More Quality Control

Published on 2017-09-07 in PewPew FeatherWing.

I decided to assemble one of the “production” boards I made — that is, solder the pin headers and the matrix and plug it into a feather. Sure enough, there are problems. The left button doesn’t work, and one of the columns doesn’t have the red color.

So I started debugging.

The button problem turned out to be due to a broken trace on the board — they claim they do continuity testing at Seeed, but apparently this one somehow slipped through. Adding a wire solved that.

The column must be a short somewhere, because adding wires doesn’t help. I suspect it’s a short with a via under one of the buttons. I will try to remove the buttons tomorrow, and see.

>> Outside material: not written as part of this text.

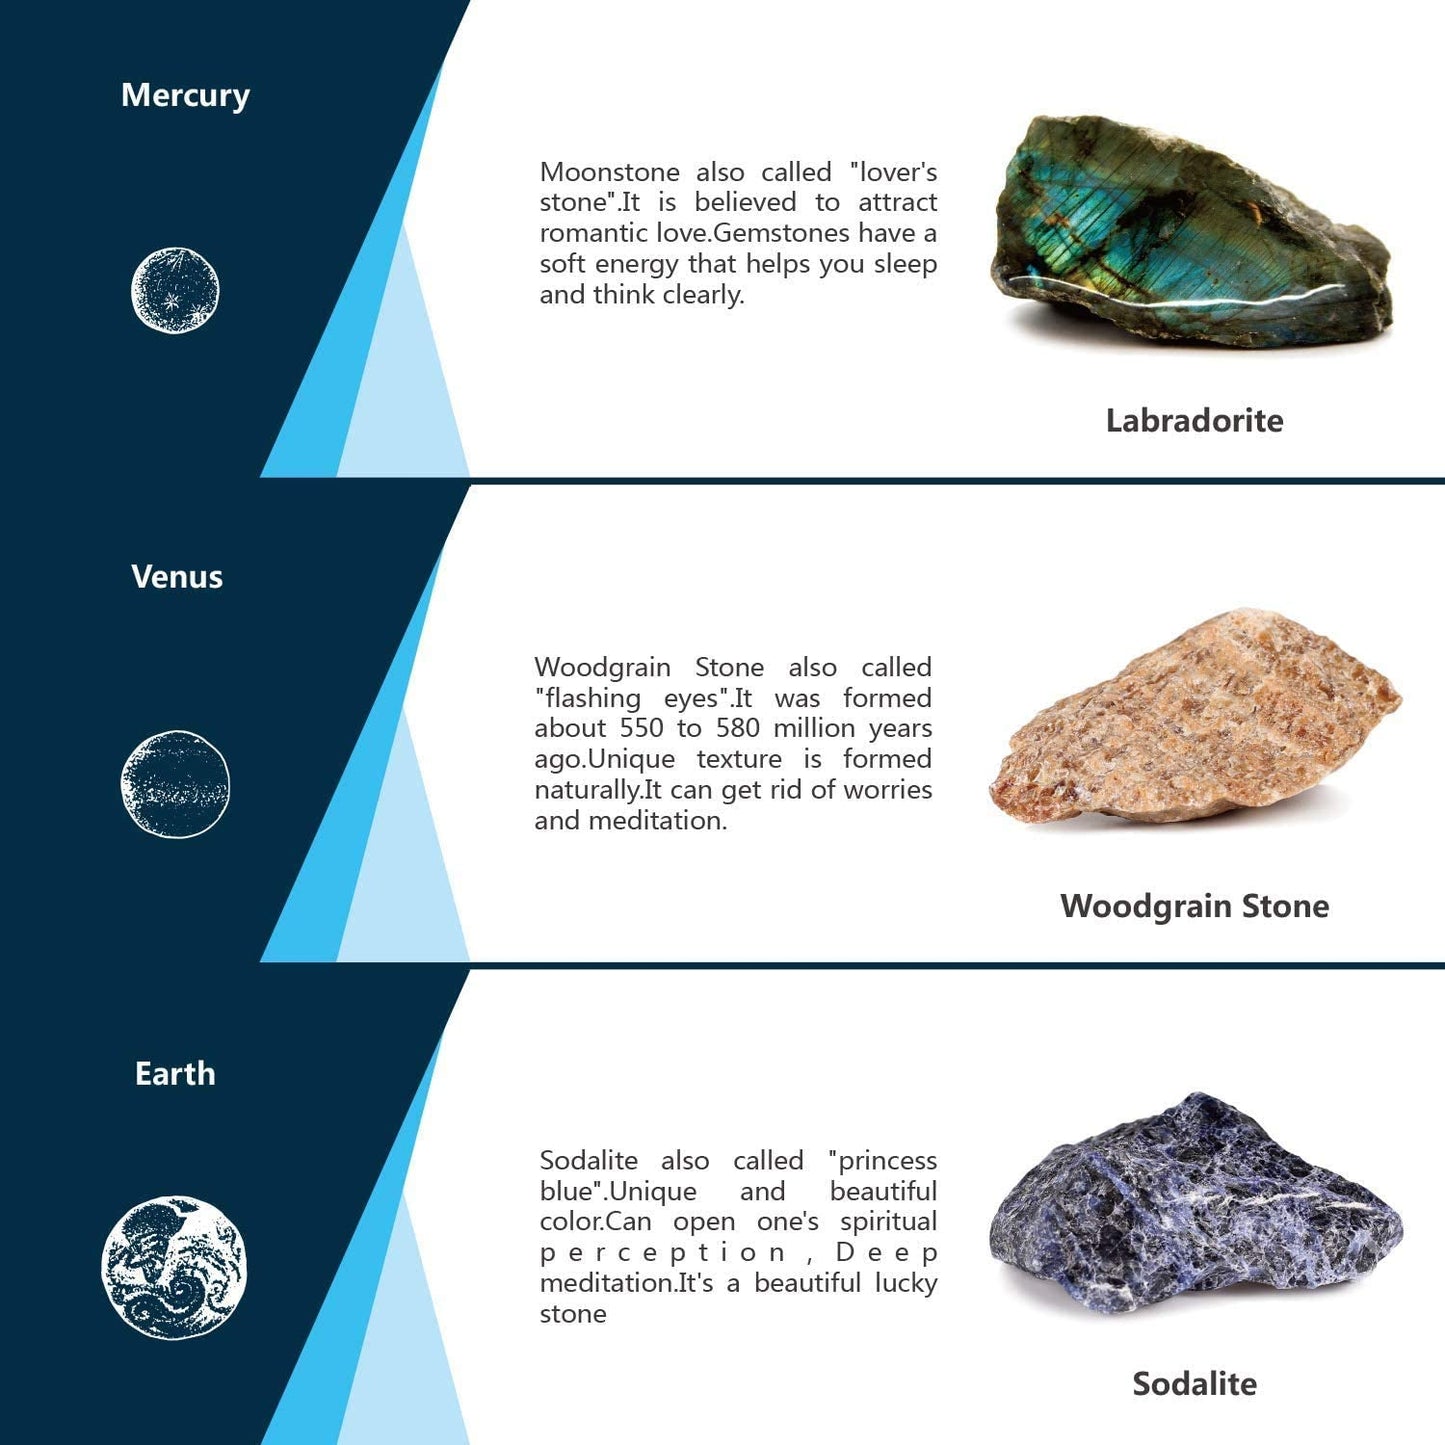 Information about gemstones called Labradorite, Woodgrain Stone and Sodalite

But that made me realize that I really have to test the assembled boards somehow before I send them. The hot air soldering is very fast and convenient, but it’s not as reliable as doing it with a soldering iron, and sometimes I have to touch it up a bit afterwards.

There isn’t really much I can do with the matrices without soldering them (and I can’t solder them before the headers are soldered, and I can’t solder the headers because that would make the whole thing hard to ship), but I have already tested them separately, and there is very little chance of a problem with those connections. But I can at least test that the chip is properly powered, that the I²C communication works, and that all the buttons work. So I made a small testing jig for this:

../../../_images/6419051504742989435.jpg

Out of 8 boards that I have soldered so far, one had a broken trace, two had a cold joint that had to be touched up with a hand soldering iron, and one had a short between two of the buttons (the new buttons have a bit wider legs and barely fit in their space). Except for the first one, all of them were easily fixed.

I’m still thinking about some way of possibly testing the matrix connections — maybe I will build something with pogo pins.